Big Oh notation does not mention constant value

algorithm-analysisbig o

I am a programmer and have just started reading Algorithms. I am not completely convinced with the notations namely Bog Oh, Big Omega and Big Theta. The reason is by definition of Big Oh, it states that there should be a function g(x) such that it is always greater than or equal to f(x). Or f(x) <= c.n for all values of n >n0.

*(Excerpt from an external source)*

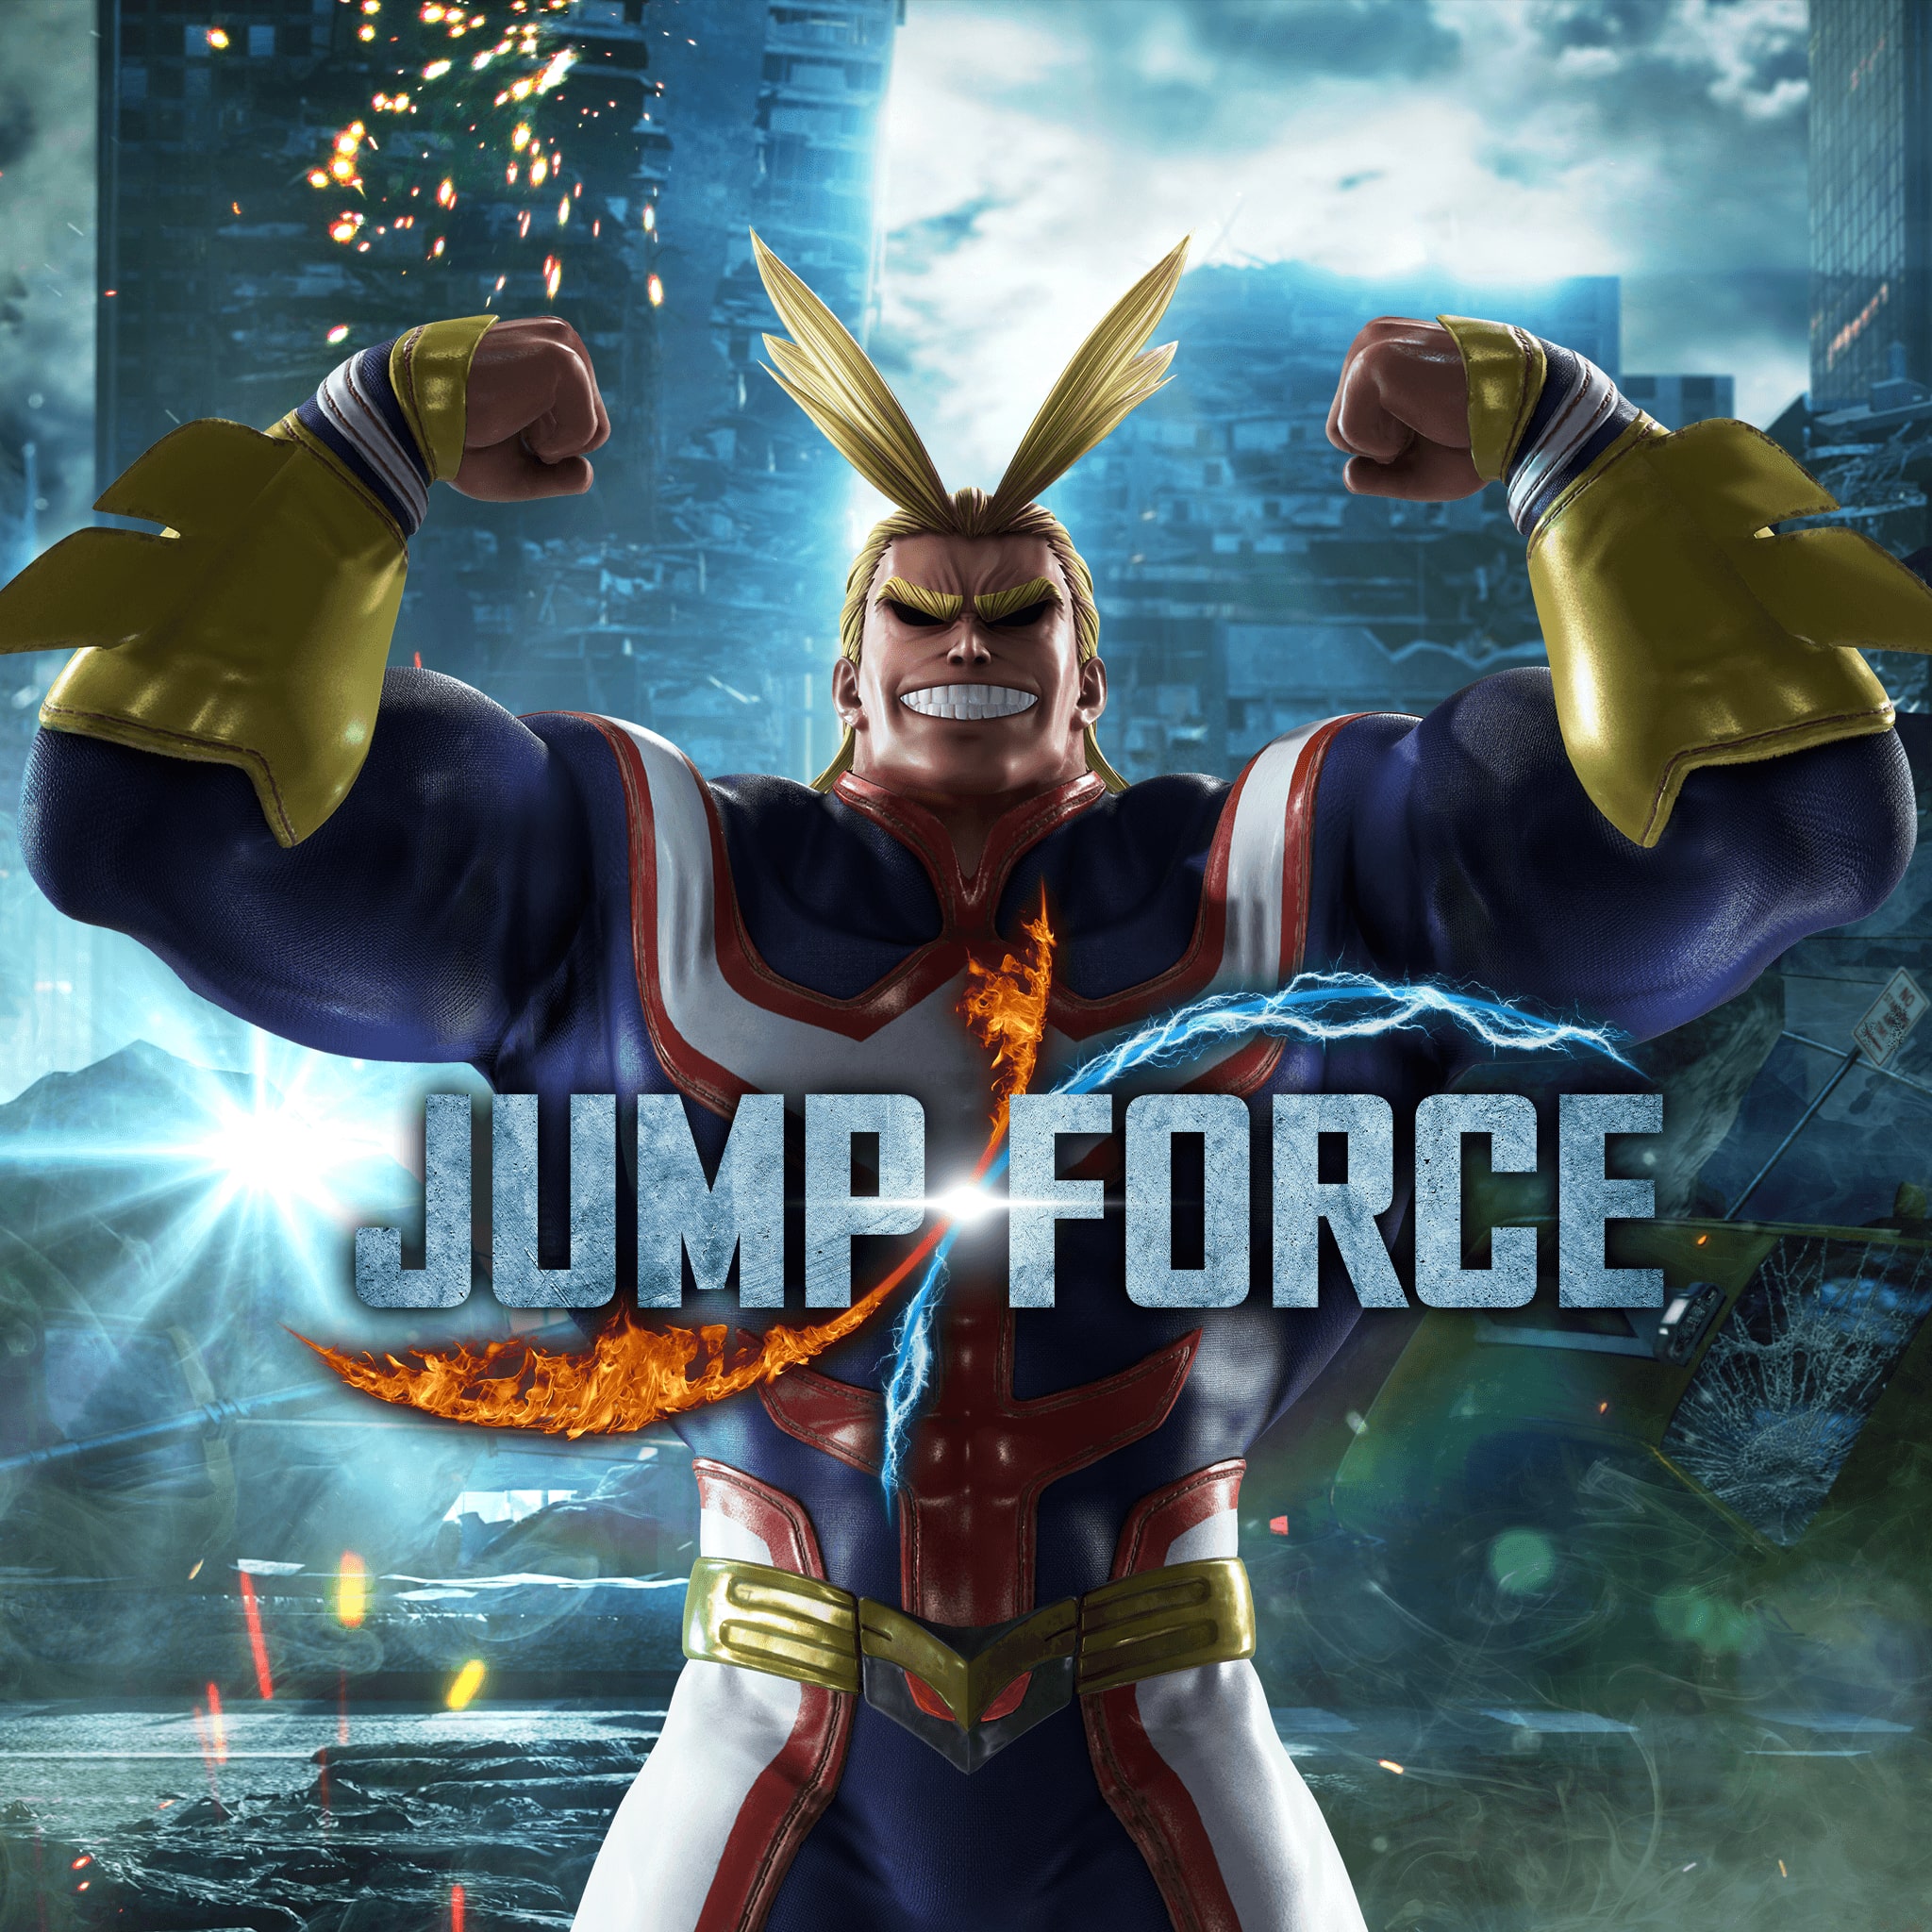 JUMP FORCE Character Pack 3: All Might

Why don't we mention the constant value in the definition? For example, let's say a function 6n+4, we denote it as O(n). But it's not true that the definition holds good for all constant value. This holds good only when c >= 10 and n >= 1. For lesser values of c than 6, the value of n0 increases. So why we do not mention the constant value as a part of the definition?

Best Answer

There are several reasons, but probably the most important one is that constants are a function of the implementation of the algorithm, not the algorithm itself. The order of an algorithm is useful for comparing algorithms irrespective of their implementation.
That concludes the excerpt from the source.